畠山さんが主役だけど、彼の追いかけるものを通じて「選挙」や「政治」というものについて考えるきっかけとなっている。
むしろカメラが畠山さんだけに向いていないのがいい。
とはいえ畠山さんの人間性が魅力的で、ドキュメンタリーとしても見どころがある。
沖縄の選挙、楽しそう。
畠山さんが、被選挙権を行使するすべての候補者に対して(優しくも厳しくも)平等な目線を注いでいることがわかる。
選挙取材をするための参考になったし、似たような活動をしていて共感したり、あるあると頷けるシーンもたくさんあった。
インディーズ候補もそれぞれ世の中を変えたいという想いがあり貴重な被選挙権を行使している、ということが伝わってほしい。
一見、畠山さんが主演みたいに見えているけど、実際は登場人物全員が畠山さんのレンズを通して主役を担っている映画だと思った。
映画のWebサイトに畠山さん自身がコメントを寄せていて、「あれ、主演がコメント寄せるってありなんだ」と思った。
2回以上観る価値がある作品!
1回目は畠山さんの行動を追いかけているだけでも情報量が多かったが、2回目で候補者をはじめとした他の登場人物についてもより注目できるようになった。全人類に観てほしい映画。
【映画を観ての感想(ややネタバレあり)】
登場する政治家(候補者)については、与野党とか、有力候補・泡沫候補(インディーズ候補)という区別のない温かい目線が注がれている。
特に沖縄の取材では、立候補しなかった候補者のことも追いかけているのが良かった。霞が関のど真ん中で話している女性候補が印象に残った(→中村之菊さん)
東京選挙区の候補者をわざわざ長野県まで取材に行く畠山さんの本気度が印象に残った。
沖縄の選挙を取材するシーンで、特に印象に残ったシーンがたくさんあった。
→どの主張が正しいかは別として、登場人物を通じて自分の信じることにきちんとアクションを起こし、仲間とつながっていく真摯な姿を映画を通じて目撃できた。

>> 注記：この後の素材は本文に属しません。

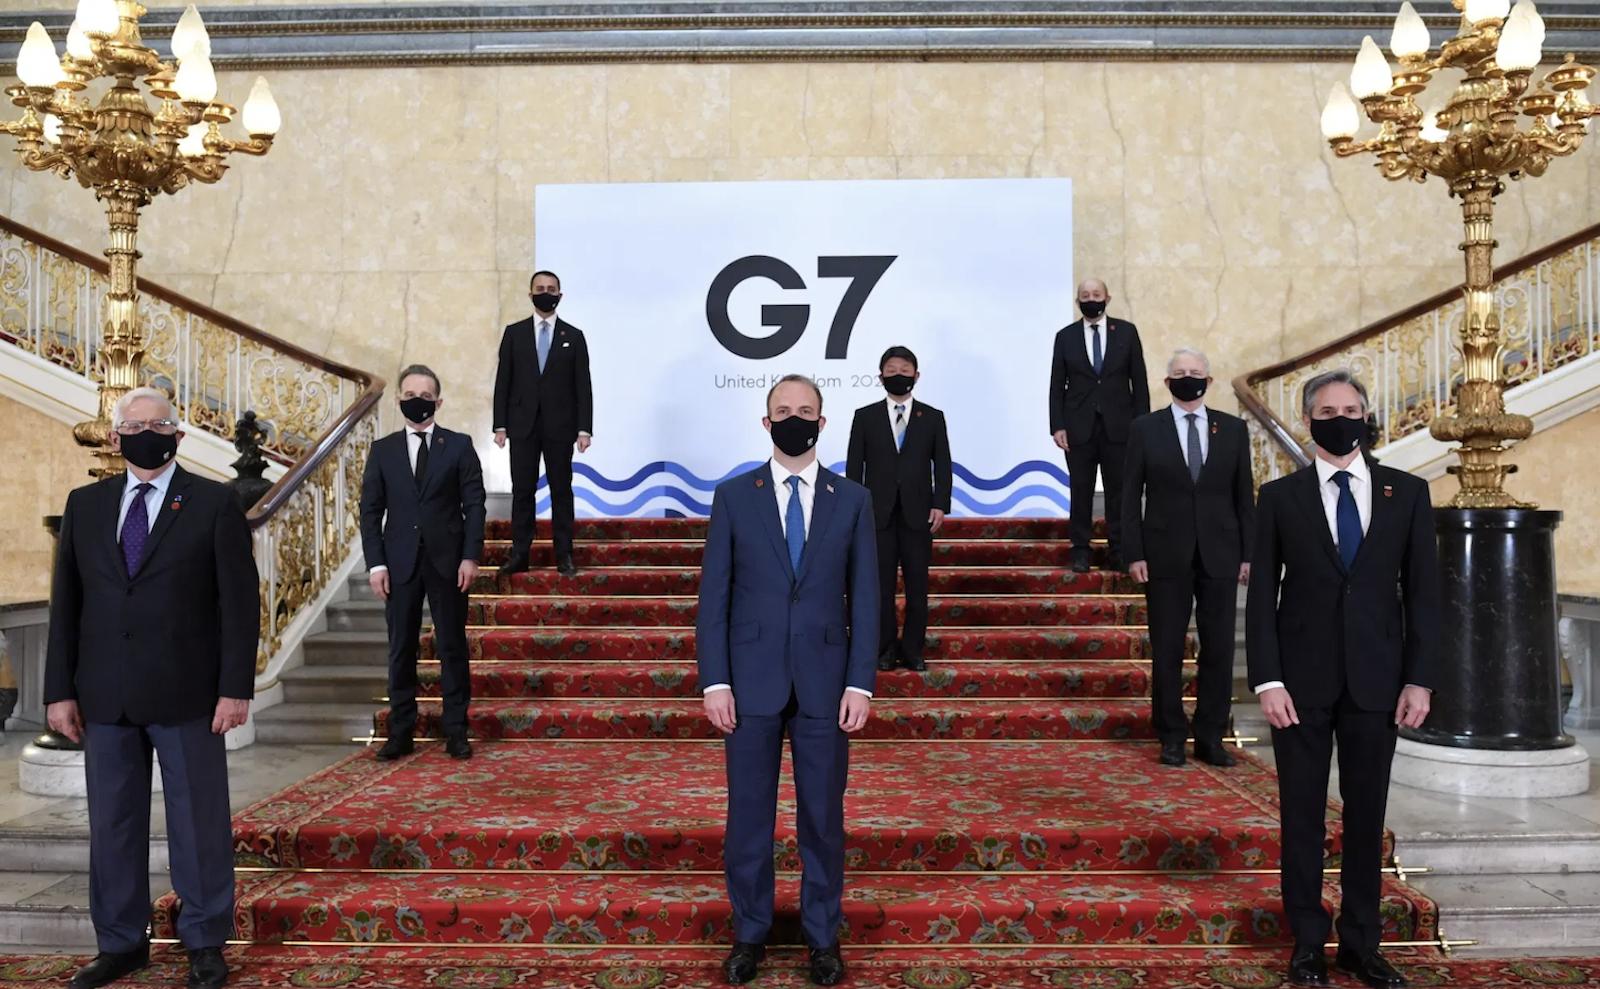 G7: Die verzweifelte Suche nach Bedeutung

→旗を持って「公職選挙法のほうがおかしい」と語る女性の話が特に印象に残った。
→候補者名入りののぼりがたくさん集まっている光景。
→畠山さんの「戦国時代だな……」発言でとっても笑った。
→ビニール袋に詰められたのぼり旗と、それを見てつぶやく畠山さんが印象的だった。選挙取材する側としてあるあると思った場面:エクセルで候補者のスケジュールをまとめたりとか、取材に行ったらもう演説が終わってたシーンなど。
ご家族の話にほっこりした。良い距離感だなと思った。
こういった活動をしている人は、私生活を犠牲にしがちな印象があったけど、ご家族の話を聞いて畠山さんのイメージが変わった。
疾走する畠山さんを必死に追いかける前田監督のカメラにどきどきした。畠山さんのタフネスにもびっくり。
畠山さん常に地べたでパソコンを打ってるなーと思った。
→取材の合間にカフェとか入っちゃう自分はまだまだだなと思った。
【仙台の舞台挨拶でどんな話をしていたか(出席した参加者が印象に残っている話)(ネタバレあり)】
畠山さんの原体験は、若い頃のテキサス州(違ってたらすいません)での議員選挙の取材。供託金がそもそもなくて、推薦者(署名)を集めれば立候補できて、100名以上が立候補していた。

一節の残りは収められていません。